This seemed to inspire a lot of other people, more specifically artists to post their own videos. Let me post another one here. All right, here's one that one of the listeners sent me. This is hi.imded_art channel. This is a smaller channel. It's an artist who does really cool artwork.

And this video is called "Deleting Social Media and Making a Website." The artist here, who does videos of her art, which I really appreciate, is basically saying in this video, "I'm done with social media. I'm creating a website. And I can put my art on my website, and I'm going to control it, and I don't want to post things anymore and have to see how many likes they get or what have you.

I'm done." Right. So let's see. I'll read a little bit of what she's saying here. It's a good presentation worth listening to. Let's see. All right. I don't know how to fast forward. I got to go out of full screen here. I want to read a little bit of what she's saying here.

She has some interesting things, she says. There we go. All right. I'm going to expand that. Man, you can tell I use a lot of social media, Jesse. I don't even know how to use videos. You notice when people unfollow, people unsubscribe, and you see that, like it's so noticeable, and it hurts.

It does hurt. But at the same time, I'm like, "I would rather you know if I'm not for you, I'm not for you." So if you choose to unsubscribe or unfollow, it's like, "Well, I'm sad to see you go. Maybe I'll catch you on the flip side." Feeling like you can never keep up, and an addictive quality, of course, that is just social media in general.

So she's going on about you just get really caught up in how many followers, and you really notice when numbers go up and down, et cetera. Very good sort of honest video. Here's another one I want to load up. This is another artist. This is LRNDulyOneWord. That's the name of the channel.

This website is, "I deleted all social media and made a website." All right. So in this video, this artist is explaining why. So she left social media. She has these outlines. She also was tired of the demands of social media, and she built a website. And that's where she's putting her art now.

All right. There's a lot more videos like this happening on the internet right now of people declaring, especially artists, "I'm leaving social media, and I'm just going to put stuff on a website that I control." So what are their reasons? Well, I mean, I actually went through and watched these videos so I could summarize like the main reasons given by these artists, and let me give you the three main categories.

Number one, they're leaving because social media is controlling and reducing the possibilities and quality of their art. They talk about the limited format. "Oh, if I'm posting on Instagram, then my art now has to somehow fit into the physical format that's appropriate for Instagram." They talk about the algorithm that you are posting for rewards sameness and not uniqueness.

This is a big point that Damon in particular has, is that social media used to reward people for doing something different. Now it really forces conformity, otherwise the algorithm will ignore you. It focuses on what's already working. Another big reason is these artists are saying social media is making them unhappy.

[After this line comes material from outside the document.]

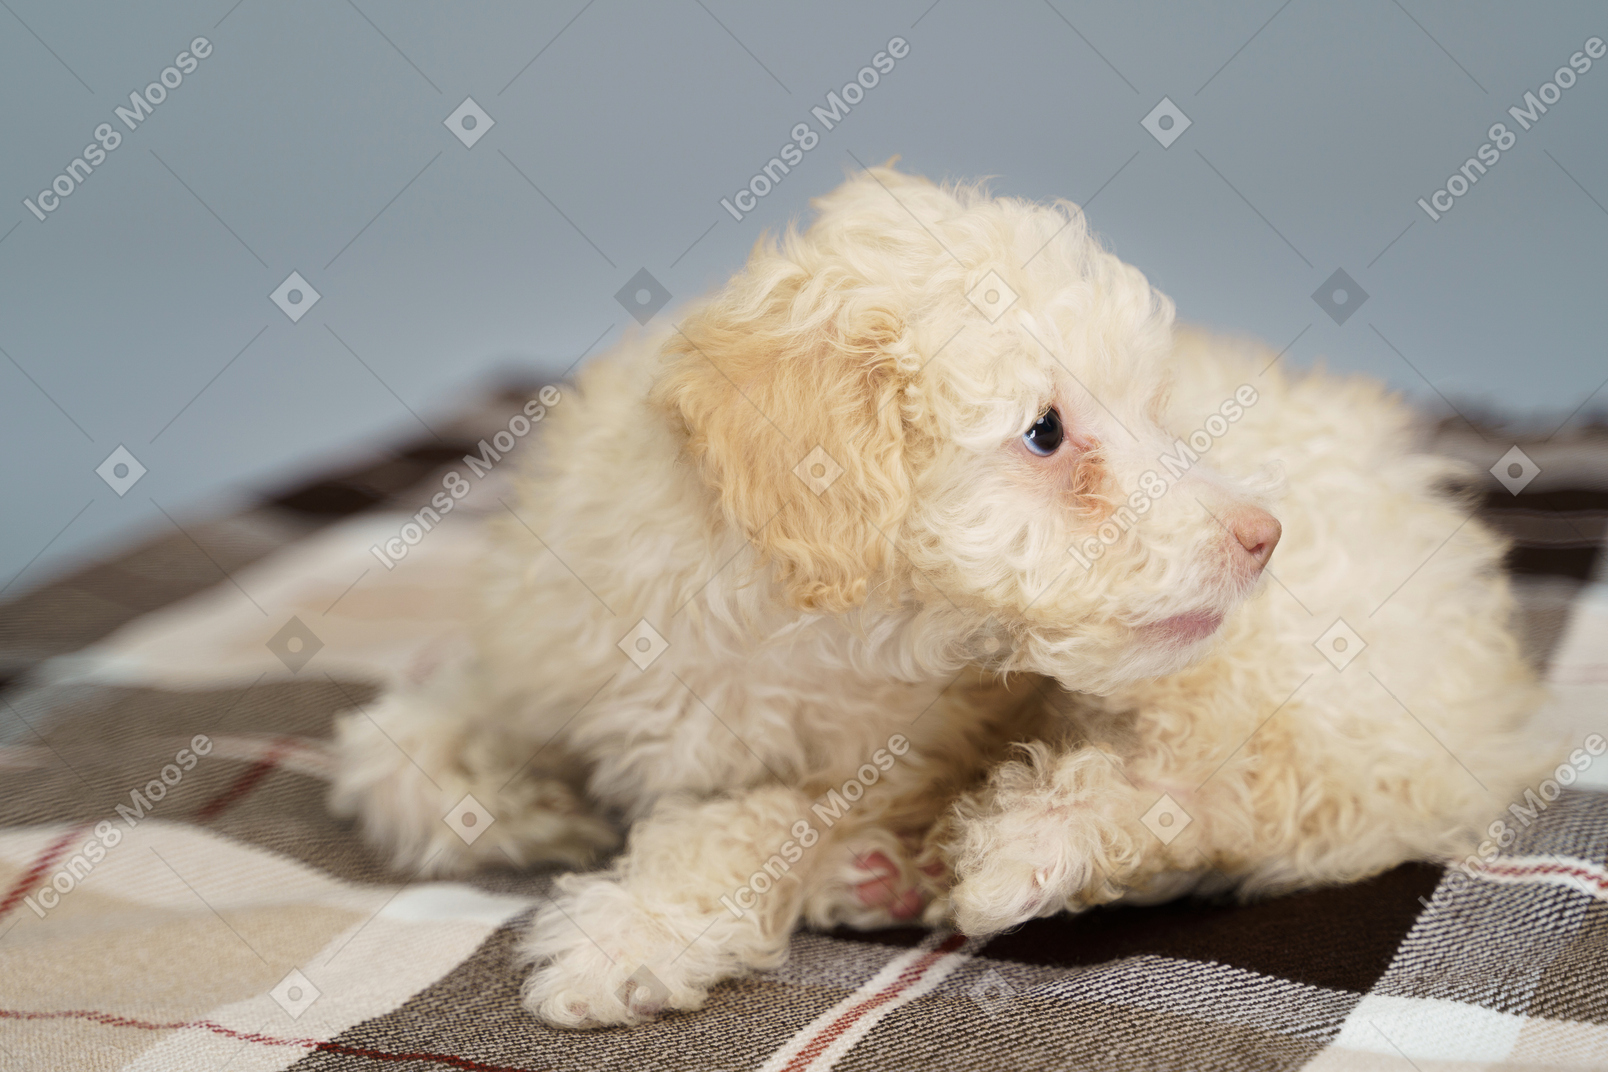 В полный рост крохотный щенок лежит на клетчатом одеяле и смотрит в сторону

They have to use it all the time. They don't like being addicted. They also don't like feeling as if they're trying to get other people addicted as well, that they're playing this game of trying to make their stuff as compelling as possible so people can't look away. The third reason they give is it seems to deny the reasons why they became artists in the first place.

So I think in particular, the LR and Julie video had a really good take on this, where she was saying, "Look, we didn't get into art for social validation. That's not why artists become artists, is to have social validation. They do it to create something new, to take raw materials and produce, on the other hand, something that's beautiful or engaging.

Art, the production of art, is what they got into art for, but having to integrate their art in social media meant that their focus became more on social validation, trying to build or appease crowds of people. So that's why they're leaving social media. So here's the key question I want to ask about this revolt.

Is it narrow? Is what these artists doing essentially self-sacrifice? They're going to destroy their career because they're not on social media, but they're doing so to make a broader point, and maybe that's important. Or is this different engagement with the internet, to be a creative and to be engaging the internet without social media, is this actually sustainable?

In fact, could this actually be better? Those are the questions I want to explore here. Not surprisingly, I'm going to make an argument for the second, but to do that, let's get a little bit theoretical. All right. So what do we have when we think about the internet? At the base, all we have is a standard set of protocols and a standard scheme for addressing.

This was the big innovation of the internet. Whatever computer network you have and whatever computers you have on it, if you use the same protocols and you use the standard way of referring to yourself, the standard addressing scheme, you can plug into the internet and anyone can talk to you and you can talk to anyone else.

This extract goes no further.